Trend of progressively higher interest rates not over – analyst

Trend of progressively higher interest rates not over – analyst

Trend of progressively higher interest rates not over – analyst

Latest economic indicators – including data on employment, inflation, housing starts, and economic growth – are pointing at the possibility that the trend toward progressively higher interest rates is not yet ending, according to a recent analysis.

In a new piece for CBC News, long-time markets observer Don Pittis noted that those who are expecting the ongoing Canada-U.S. trade war to lower borrowing costs might be hoping in vain.

“Except for the nasty impact on those of us with large debts, rising interest rates are a good sign for the North American economy.
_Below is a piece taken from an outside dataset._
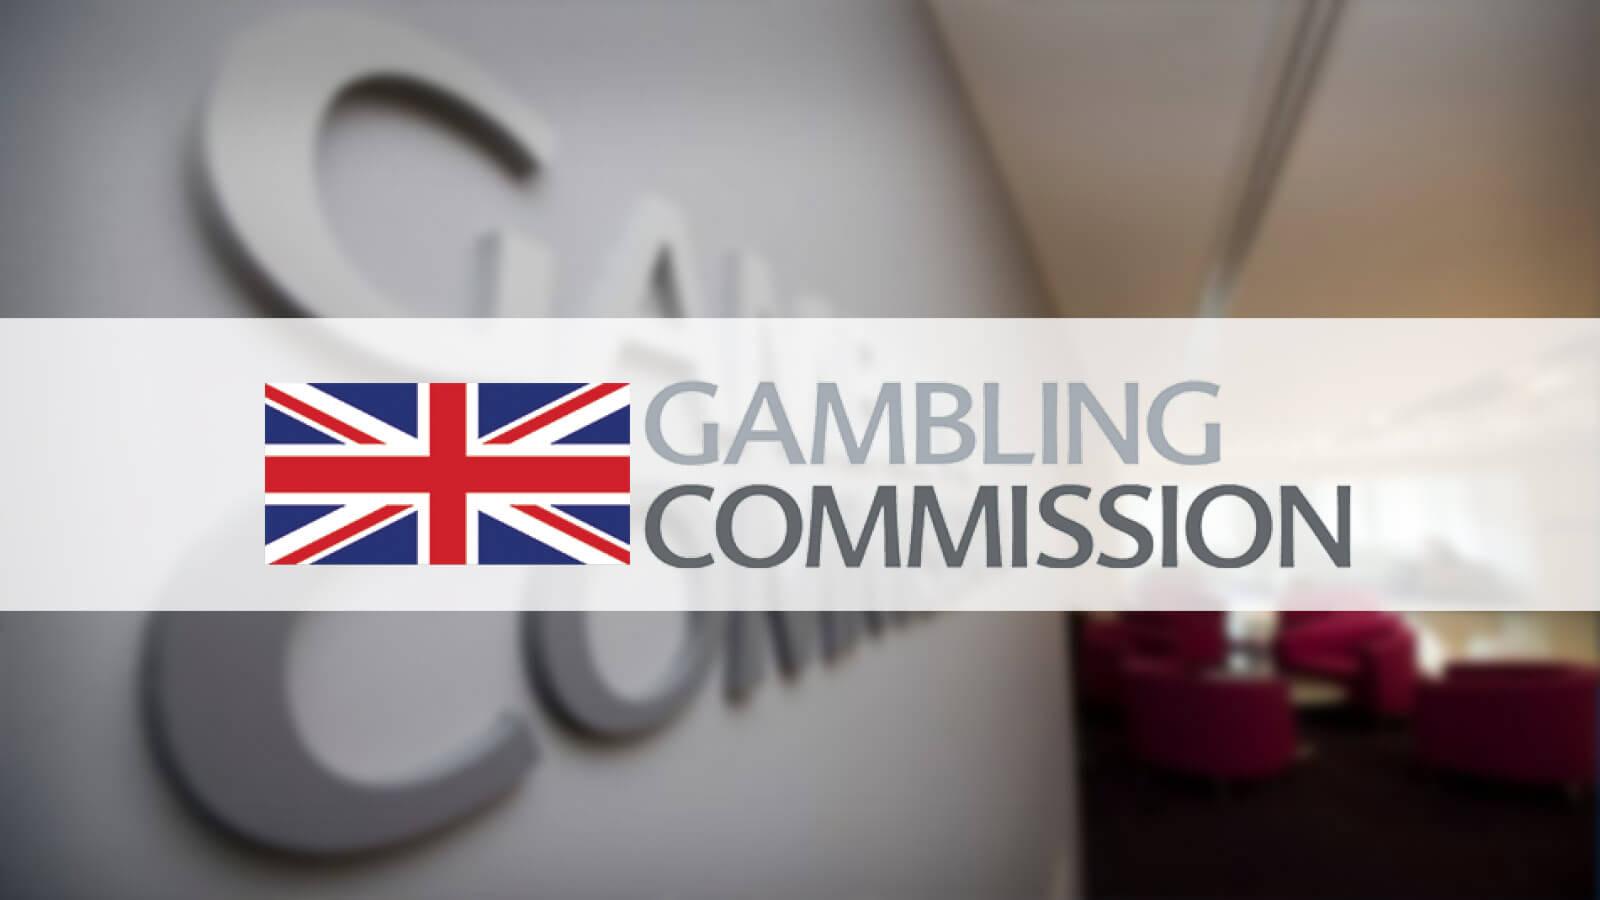 The UK Gambling Commission and how it operates

They are one more signal that nearly a decade of low interest rates have done their job, pulling the economy out of recession and into sustained growth,” Pittis stated.

Taking into account the possibility of even higher rates should be something that both sellers and buyers should take to heart, he added.

“For anyone with a memory of mortgage rates that stretches back a decade or more, last week’s rise in the Bank of Canada key lending rate to 1.5% seems quite moderate,” Pittis wrote in his analysis. “But for those who bought into the Canadian real estate market way back when you could get a mortgage for less than 2% — just one year ago — renewing could turn out to be painful.”

“The Canadian economy is also cranking out jobs and Canadian inflation numbers are out later this week. Since rising interest payments count toward inflation while rising (or falling) house prices do not, a moderation in real estate values will offer no relief on consumer price statistics.”

Read more: 7 in 10 Canadians expect interest rate hikes over next 12 months

Moreover, “even if worse tariffs do kick in and begin to do long-term economic damage, they could start by creating a new wave of rising prices, forcing the bank to increase, not decrease, interest rates,” Pittis said.

The Bank of Canada has already strongly hinted that it will hike interest rates to stabilize the Canadian dollar, in the event that tariffs lead to new inflation.

“They could hinge on just how big of an inflation bulge happens, how important the tariffs are to the inflation process,” Poloz was quoted as saying. “If the economy is operating at capacity, it can cause a shift up in inflation expectations and that is something we would vigorously prevent.”